The Model Zero is expected to be Aurai's flagship. A flagship carries a fleet's admiral. The M Zero Junior would then carry a captain of long course. That was Alain's actual position in the French merchant navy where he worked as an electromechanical engineer for 22 years.
For the speaker under consideration today, Alain said that "the actual concept is more important than the details of its execution." As mentioned, he did reset himself to zero for the design. An understanding of what informed core decisions is key then. Most of us have heard of band-pass designs only in automotive subwoofers. In the high end, ports rule, sealed and transmission-line bass is rarer, dipole bass even more so.
"There's a lot of money behind automotive sound and many of their systems work better than audiophile jobs. Personally a woofer in a sealed chamber which radiates into a controlled cavity is my favorite solution for serious bass." Combining non-dipole bass with dipole mids and tweeters is unusual. That combination's most famous proponent is probably Carl Marchisotto with first Dahlquist, then Acarian Systems Alón, presently Nola by Accent Speaker Technology. For their dipole sections, Carl's cabinets are laterally open [see above left]. Alain's only open in the back to look like conventional boxes from the sides. As the Nola website reminds us, dipoles eliminate four common problems:
♦ enclosure panel resonances
♦ air column resonances from enclosure-trapped air setting up standing waves
♦ time-delayed resonances of sound being re-transmitted through the driver cones
♦ and driver resonances caused by trapped-air stiffness.
About Alain's many specialized measurements, "they have no interest in emotion. Measurements just help chase down the desired emotional response. Technically I focus on the impulse response and in-phase transients.

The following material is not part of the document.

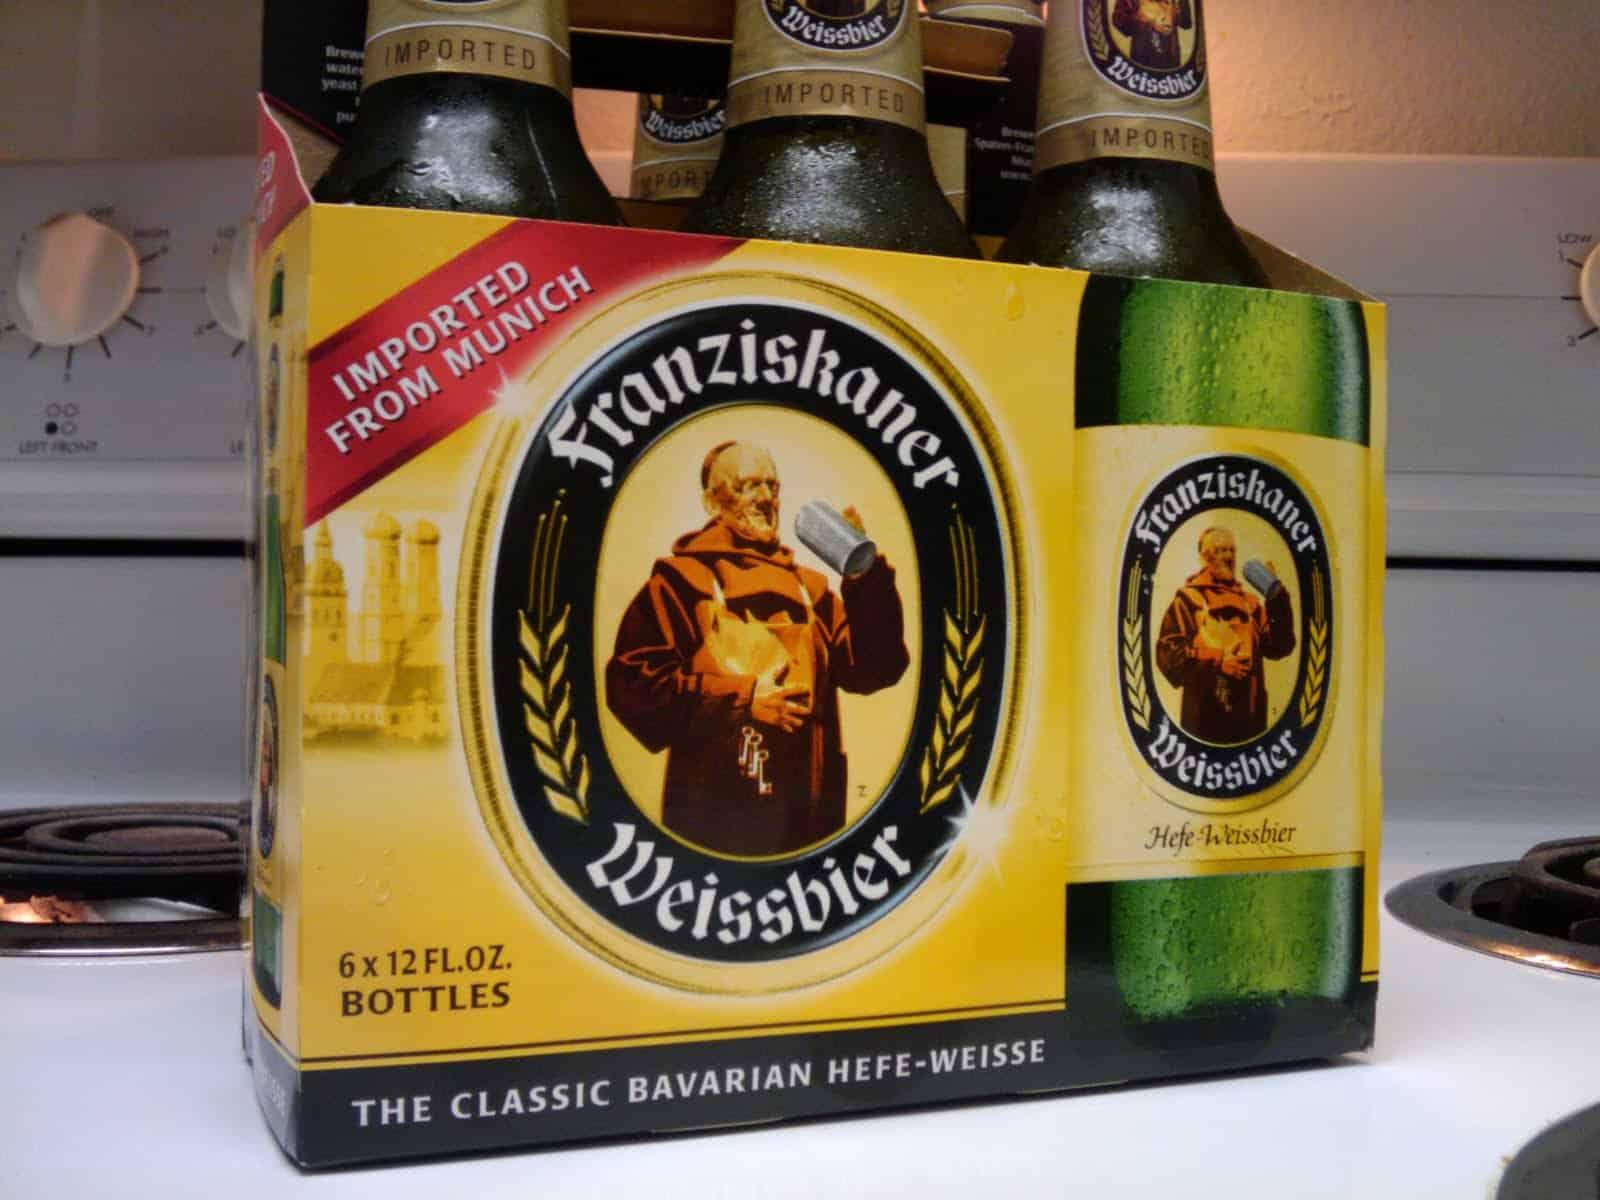 Spaten-Franziskaner-Bräu Franziskaner Hefe-Weisse – best tasting beer

To call any speaker design complete, I look for emotions and poetry like Matila Ghyka does in her famous book on sacred geometries, The Golden Number. Without love and magic, it's impossible to make a musical reproducer. In fact, I don't design loudspeakers. I try to make instruments capable of reproducing the emotions encoded in the music. I'm a retired man. I need to make no more money. I seek no more glory. I just enjoy life and continue to thrive on engineering challenges."
Notre Dame de la Garde Basilica of Marseilles beneath which we see one of Alain's concepts for a much bigger hornspeaker.
Did you take note of the interesting connection in these quotes, between emotions and a loudspeaker's time-domain behavior?